Regarding the comparison to the Fuji C, it could well be that part of what I am seeing is the result of sample variation and manufacturer quality control. I have had one LF reseller here in the U.S. tell me that he does not stock Fuji because their quality control is inferior to Schneider, Rodenstock et al. Of course other resellers and many owners swear by their Fuji's, so there is hardly any consensus on this point. However, given the relatively price disparity between the Fuji and Schneider, one would hope that part of the Schneider's price premium includes superior manufacturing quality control. I have owned only one Fuji 600C, so I have not tested for any unit variation. I have owned or rented two Nikkor T's, and they both performed similarly, so I feel that its observed performance is most likely a function of its design.

paul stimac
5-Nov-2005, 20:55
Has any compared the nikkor T1200 to the schneider 1100mm fine art XXL?

Edwin B.
6-Nov-2005, 22:43

Since you mention that you were looking at the 300mm Symmar MTF curves I can understand our different impressions. I was looking at the 480mm thinking that it has the closest focal length. Understand that when you use the 300mm for comparison with the 600mm telephoto because they have similar image circles you end up comparing very different angular coverage. Assuming the MTFs are very similar, what they are telling you is that the Symmar performs similarly to the telephoto at twice the angular distance from the center.
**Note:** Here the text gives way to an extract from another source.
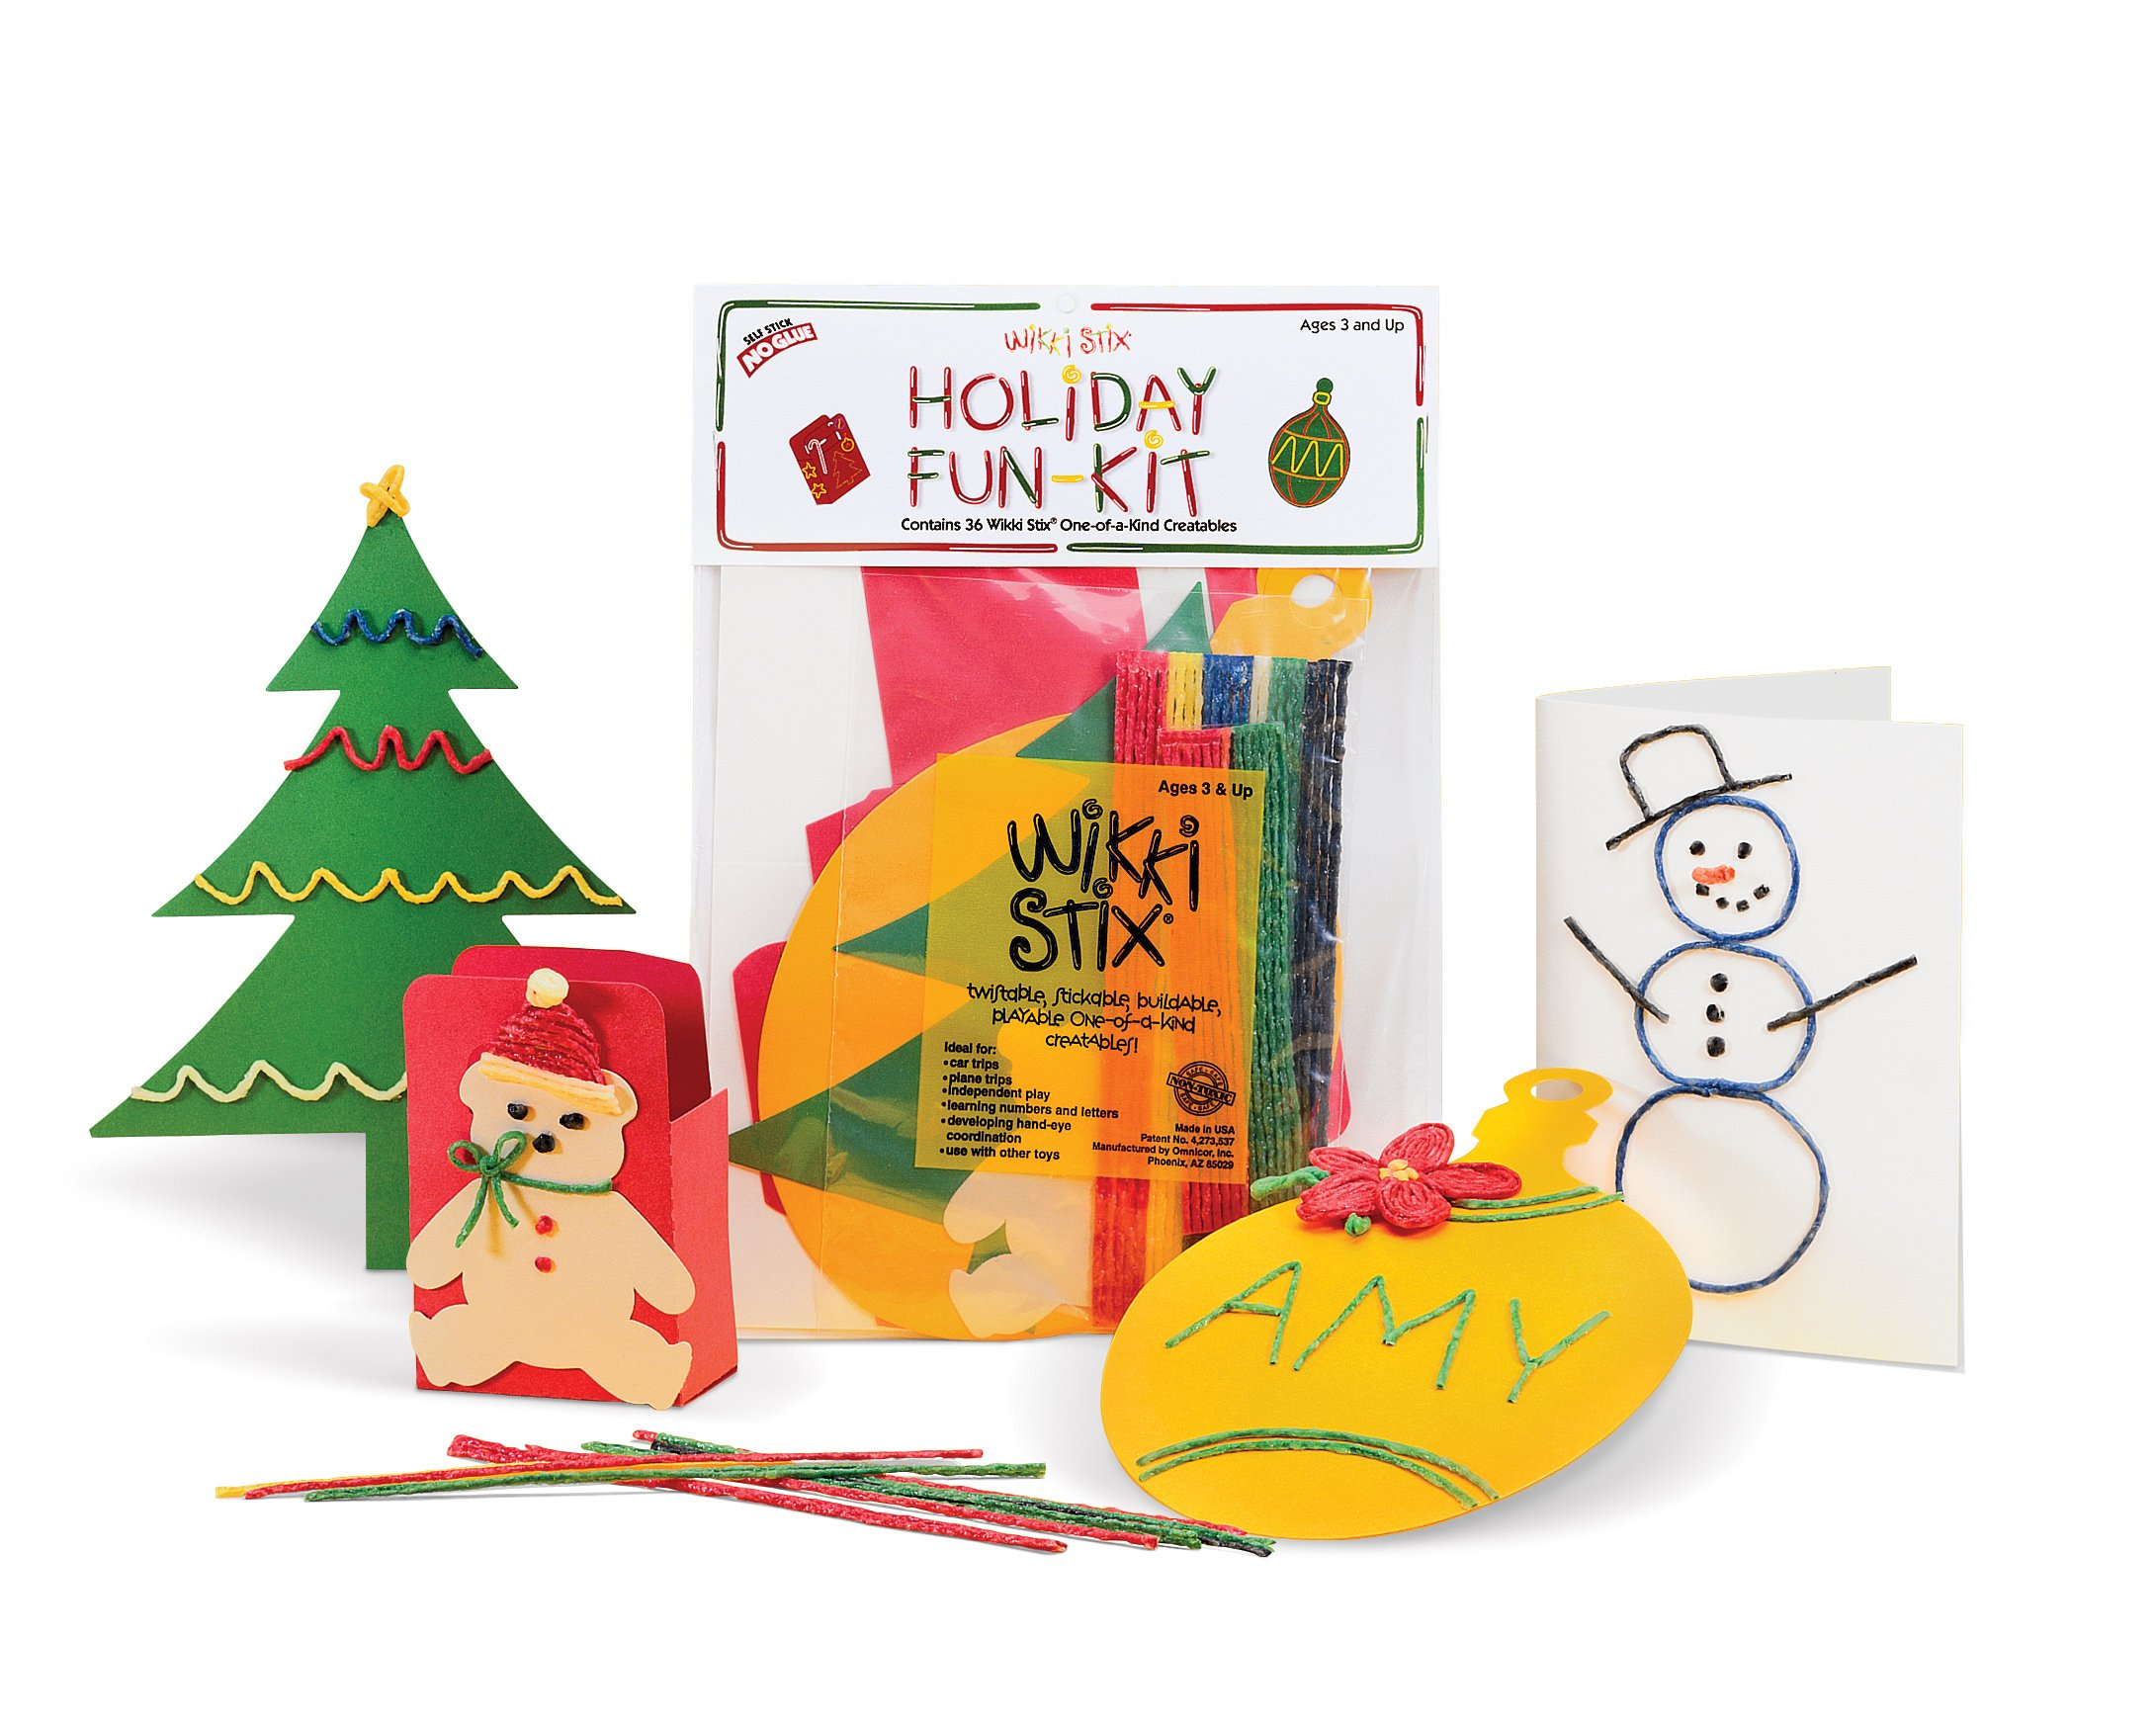 Wikki Stix Holiday Fun Kit

Another way of looking at it which i think would give an sense of the individual lens formula characteristics would be to compare the portion of the MTF curves needed to cover 8x10 with the 600m tele to the portion needed to cover 4x5 with the 300mm symmar. Then you're comparing equivalent angular coverage which seems dimensionally logical.

For what it's worth, I don't think there is a whole lot to understand about MTF graphs once you understand what they mean and figure out all of the associated parameters on the charts. The difficulty is getting a sense of how a particular curve influences the visual character of an image. I am not an expert by a long shot but I can relate a similar experience from the 35mm world. I've used several different 50mm Pentax lenses and they are all very decent. some years ago Pentax released a really fancy 43mm lens with all sorts praise and great reviews. I have one and it makes those images that just jump out at you with incredible contrast and a particularly 3D look. I absolutely love it. I was surprised later on when I found that tests consistently show it to have lower resolution than any of the much older 50mm lenses. It's only been recently that I've come to understand that this is not at all puzzling but actually makes complete sense.

I think one could argue that for certain large formats, with their relatively small reproduction ratios, lower high frequency response can be beneficial if one values a contrasty image.